The primary output should be human-readable and focus on meaningful changes, abstracting away minor reordering or purely decorative differences where possible.

Use Cases

Comparing Code Concatenations: Analyzing outputs from tools that merge multiple source files, where the order of concatenation or per-file wrappers (e.g., <file path="...">...</file> vs. --- filename ---) might differ.
Refactored Code Analysis: Identifying core logic changes when code has been moved between files or functions, or when comments and formatting have changed extensively.
Document Versioning: Comparing document drafts where paragraphs or sections might be reordered or rephrased.
Configuration File Comparison: Understanding changes in configuration files where order might not be significant for some blocks, but value changes are.
Identifying Plagiarism or Content Reuse: Finding significant chunks of identical or very similar text between two large documents.

Core Processing Logic & Priorities

The diffing process follows a multi-stage approach, prioritizing robust matches first:

Global "Megablock" Matching (Line-Checksum Based):
- Both input files are initially broken down into individual lines.
- Each line is normalized (trimmed, lowercased, multiple spaces collapsed) and a checksum is calculated.
- The tool iteratively finds the longest contiguous sequences of lines that have identical checksum sequences in both files. These sequences must meet a minimum length (e.g., 3 lines) to be considered a "megablock."
- These megablocks are marked as definite UNCHANGED anchors. They represent large, identical portions of content present in both files, regardless of their absolute position. Lines consumed by megablocks are excluded from further processing in this stage.
Gap Segmentation (Paragraph-Based):
- The lines not part of any megablock form "gaps" in both files.
- The text within these gaps is then segmented into paragraph-like ContentBlocks using double newline (\n\s*\n) as a separator. Each block is normalized for comparison.
Semantic Matching of Gap Paragraphs:
- Paragraph blocks from File A's gaps are compared against paragraph blocks from File B's gaps using a semantic similarity metric (currently Levenshtein distance on normalized text).
- A similarity threshold (configurable via --threshold) determines if two gap paragraphs are considered a MODIFIED pair.
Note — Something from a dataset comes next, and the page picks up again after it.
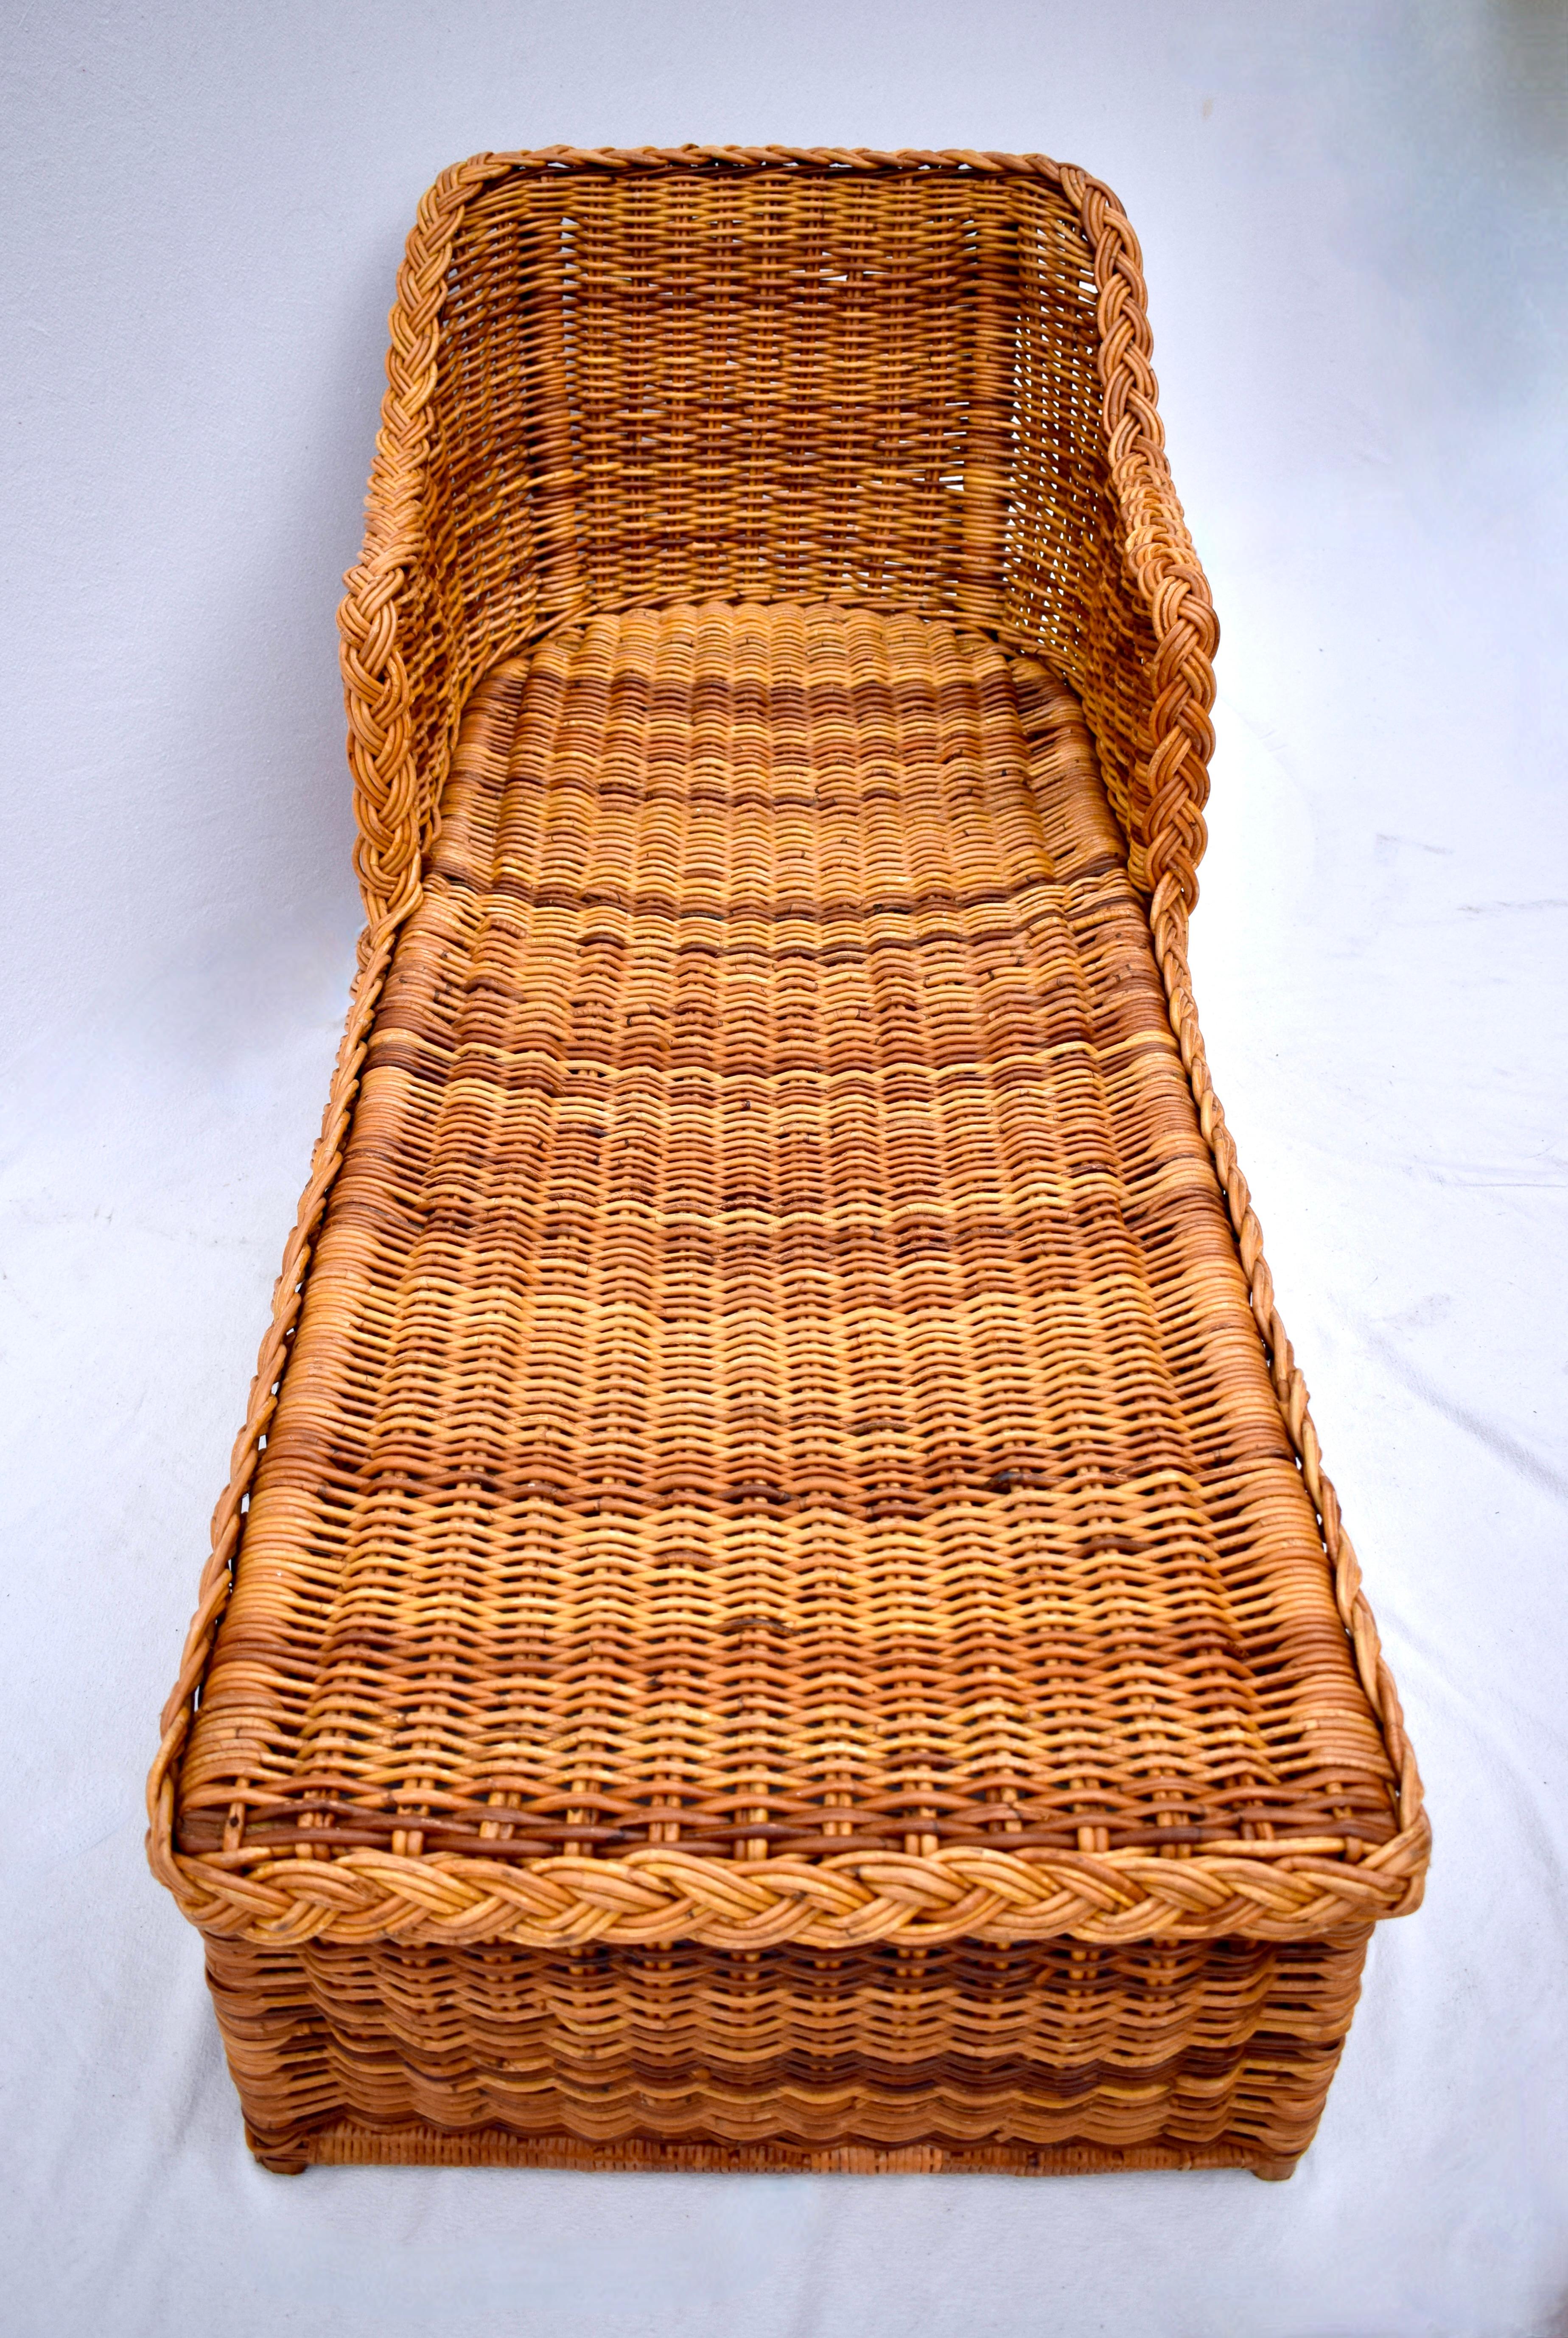 1960's Michael Taylor Braided Wicker Rattan Chaise Lounge Daybed For Sale 2

A heuristic is applied to only attempt semantic matching for paragraphs exceeding a minimum line count (e.g., 3 lines) to avoid spurious matches of very short, common phrases.
- Paragraphs are matched greedily: each gap paragraph from File A finds its best available semantic match in File B.
LIS (Longest Increasing Subsequence) for Positional Analysis:
- All paired blocks (megablocks from Step 1, type UNCHANGED; and matched gap paragraphs from Step 3, type MODIFIED) are collected.
- These pairs are sorted based on the start line of their File A block.
- The LIS algorithm is applied to the start lines of the corresponding File B blocks.
- Pairs whose File B blocks form part of this LIS are considered "in place." Their type remains UNCHANGED or MODIFIED.
- Pairs not in the LIS are re-categorized as MOVED. Their original similarity score (if from a semantic match) is retained.
Identifying Added/Deleted Gap Paragraphs:
- Gap paragraphs from File A that were not part of a megablock and did not find a semantic match become DELETED.
- Gap paragraphs from File B that were not part of a megablock and did not find a semantic match become ADDED.
Line-Level Diff for Modified Blocks:
- For paragraph blocks ultimately classified as MODIFIED (either in-place or moved but with content changes), a secondary line-level diff is performed on their original text using the diffmatchpatch library. This provides a detailed breakdown of character/word-level changes within those modified paragraphs.
Output Generation:
- Results are grouped by type (NEW, DELETED, MOVED, CHANGED, UNCHANGED_IN_PLACE).
- A compact summary is shown by default.
- The --details flag allows users to specify which sections to view in full detail. In detailed view, adjacent or nearly adjacent blocks of the same type are coalesced for readability (see "Coalesced Output" below).
- The --focus flag reports on the status of a specific line range from File A.

Features

Megablock Matching: Identifies large identical sections first to anchor the diff.
Paragraph-Level Semantic Diff: Compares non-identical sections based on content similarity rather than strict line order.
Levenshtein Distance: Used for semantic similarity scoring (placeholder for future embedding models).
Moved Block Detection: Uses LIS to distinguish blocks that changed position from those truly new/deleted or modified in place.
Line-Level Sub-Diffs: Shows detailed changes within larger "modified" paragraph blocks.
Configurable Similarity Threshold: --threshold flag.
Selective Detailed Output: --details flag (e.g., new,deleted, moved, all).
Focus Mode: --focus n,m flag to query the status of specific lines in File A.
Debug Mode: --debug flag for verbose internal logging.
Coalesced Output: In detailed views, blocks of the same type that are (nearly) adjacent in their respective source files are grouped. For NEW and DELETED blocks, this adjacency is determined by their line numbers in the source file, ensuring that only genuinely contiguous new or deleted content is grouped. This prevents misleadingly large line ranges when, for example, a file has a new header and footer but the content in between is matched or moved. For MODIFIED, MOVED, and UNCHANGED blocks, coalescing primarily considers adjacency in File A, and then File B.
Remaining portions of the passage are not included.